Dependencies: Identifying Blocking and Informational Factors

To ensure a smooth implementation process, it’s essential to identify any dependencies that might impact the work.

Blocking Dependencies

  • Currently, there are no blocking dependencies. The implementation can proceed independently without waiting for other tasks to complete.
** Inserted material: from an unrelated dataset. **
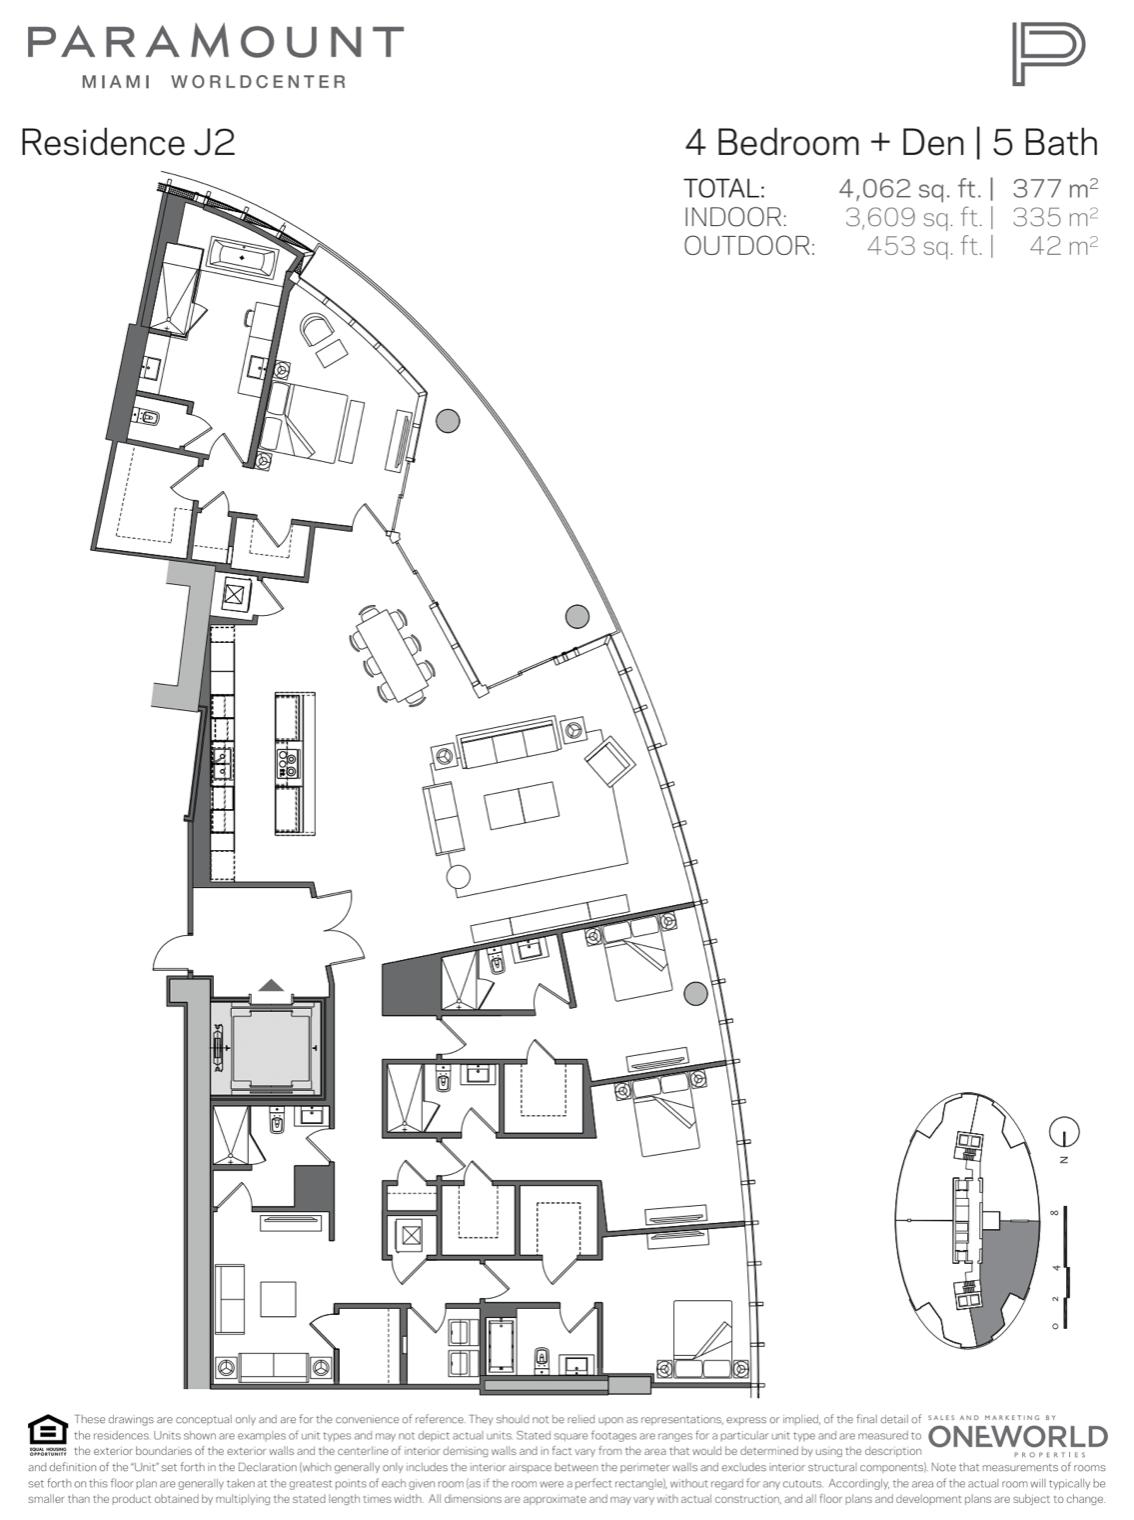 PMWC Penthouse J2

Informational Dependencies

  • Issue #92 (Reduce Technical Debt) is an informational dependency. It addresses a scalability risk identified in code review and provides valuable context for the adaptive backoff implementation.

Tasks: A Detailed Action Plan

To ensure a structured and efficient implementation process, the following tasks have been identified:

  • [ ] Modify WorktreeMonitor.ts:926-944 to replace setInterval() with self-scheduling.
  • [ ] Add lastOperationDuration tracking in the poll() method.
  • [ ] Implement adaptive interval calculation in scheduleNextPoll().
  • [ ] Add circuit breaker logic (3 failures → error state).
  • [ ] (Optional) Add "quiet mode" that increases the interval after 5 minutes of inactivity.
  • [ ] Add configuration options to electron/types/config.ts.
  • [ ] Write unit tests for interval calculation logic.
  • [ ] Test on a large repository (e.g., clone the Linux kernel worktree).
  • [ ] Update documentation to explain the adaptive behavior.

Acceptance Criteria: Defining Success

To ensure that the implementation meets the desired goals, the following acceptance criteria have been defined:

  • [ ] Git operations never overlap (no concurrent git diff processes).
  • [ ] The polling interval adapts to operation duration (if Git takes 5s, wait 7.5s before the next poll).
  • [ ] The circuit breaker triggers after 3 consecutive failures.
  • [ ] WorktreeMonitor sets the mood to "error" when polling stops.
  • [ ] Manual refresh (Cmd+R) resets the circuit breaker and resumes polling.
  • [ ] No performance regression on small repositories (< 100 files).

Edge Cases & Risks: Anticipating Challenges

As with any complex implementation, it’s essential to anticipate potential edge cases and risks. This section outlines the identified risks and edge cases, along with mitigation strategies.

Risks

  1. Delayed UI Updates: If Git is slow, UI updates may lag by 10-20 seconds.
    • Mitigation: Keep the base interval at 2s and only apply backoff when operations actually slow down.
  2. Circuit Breaker Too Aggressive: 3 failures might be too low for flaky networks.
    • Mitigation: Make the failure threshold configurable or use exponential backoff instead.

Edge Cases

  • Transient Git Lock: If an index.lock collision happens, don't increment the failure count.
  • Worktree Deleted: The circuit breaker should distinguish between "slow" and "gone" worktrees.
  • Manual Refresh: A user pressing "Refresh" should reset the failure count and backoff.

Alternatives Considered: Evaluating Other Options

Before settling on the adaptive backoff approach, several alternatives were considered. This section outlines these alternatives and the rationale for choosing adaptive backoff.

  1. Fixed Long Interval (10s): This approach is simple but sacrifices responsiveness on small repositories.
  2. File Watcher + On-Demand Polling: This eliminates polling but requires chokidar integration, adding complexity.
  3. Process Queue with Concurrency Limit: This doesn't solve the root cause of slow Git operations.

Conclusion: A Smarter Approach to Git Polling

Implementing adaptive backoff and congestion control for Git polling represents a significant step forward in optimizing Canopy’s UI. By dynamically adjusting the polling interval based on Git operation performance, Canopy can avoid the pitfalls of fixed-interval polling, such as process overlap, CPU spikes, and battery drain. This smarter approach ensures a more responsive and efficient user experience, particularly when working with large repositories. This proactive solution not only addresses current performance bottlenecks but also lays the groundwork for future scalability and efficiency improvements.

For more in-depth information on Git performance and optimization, consider exploring resources like the Pro Git book, a comprehensive guide to Git that covers various aspects of Git performance tuning.